In this extremity Berenice showed the spirit of a lioness. The child was believed to have been carried to a certain house. Berenice instantly mounted a chariot, took in her own hand a spear, and galloped to the spot. On the way Caeneus met her. The Queen aimed her spear at him. It missed. Nothing daunted, Berenice followed it with a stone, which brought her enemy down. A crowd, partly hostile, surged about the closed doors, behind which the prince was understood to be. But they fell back before the fierce approach of the Queen. And here the story is broken off. Another author takes it up at a later point. The fate of the young prince is still mysterious; it is not known whether he is alive or dead. Obviously the popular feeling in Antioch is so strongly on the side of Berenice that the murderers dare not avow what they have done. To this body of sentiment Berenice appeals. She shows herself to the people in the guise of a suppliant, and the storm of public indignation is so strong that the guilty magistrates are obliged to dissemble. A child is exhibited to the people as the infant King and surrounded with all the due pomp; they have still authority enough to keep this child in their own hands. But they are obliged to come to some agreement with the Queen and allow her to establish herself in a defensible part of the royal palace at Daphne with a body of Galatian guards.
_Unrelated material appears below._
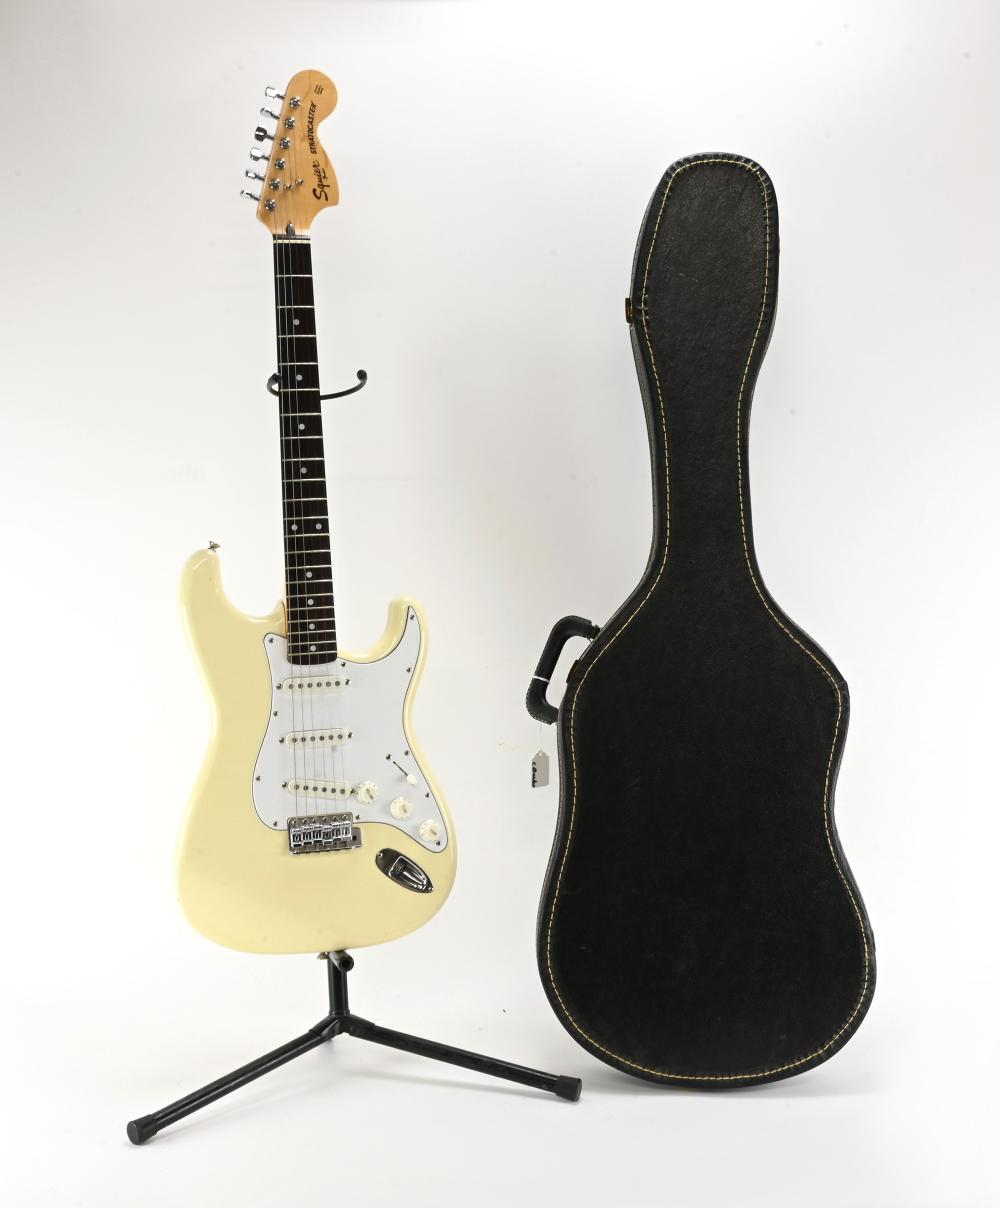 Vintage Fender Squier Stratocaster Guitar

This was an awkward turn for the plans of Laodice. Everything depended on crushing Berenice before the Egyptian force could be brought to bear in her favour. And shut up in the palace at Daphne, Berenice could gain time. The Ptolemaic power was at this moment in a position to strike strongly. The Cyrenaean difficulty had been at last settled to its satisfaction. The young Queen, Berenice the daughter of Magas, had discovered the relations of her husband Demetrius with her mother, and displaying the characteristic spirit of her race, caused him to be assassinated in Apama's bed under her own eyes. She had then renewed her interrupted betrothal with the heir of the Ptolemaic throne. About the time that the other Berenice, her cousin, was defying siege at Daphne, the old King of Egypt died; the government passed into young and vigorous hands. Ptolemy III ascended the throne, married Berenice of Cyrene, and prepared to intervene with the whole force of his kingdom in his sister's defence. At the same time the struggle between the two Queens was being watched breathlessly throughout the Seleucid realm. A number of the Greek cities of Asia declared for Berenice, and put on foot the civic forces. Contingents began to glide out of their harbors or to move along the road to Antioch. Berenice had only to sit still in her fortress and wait.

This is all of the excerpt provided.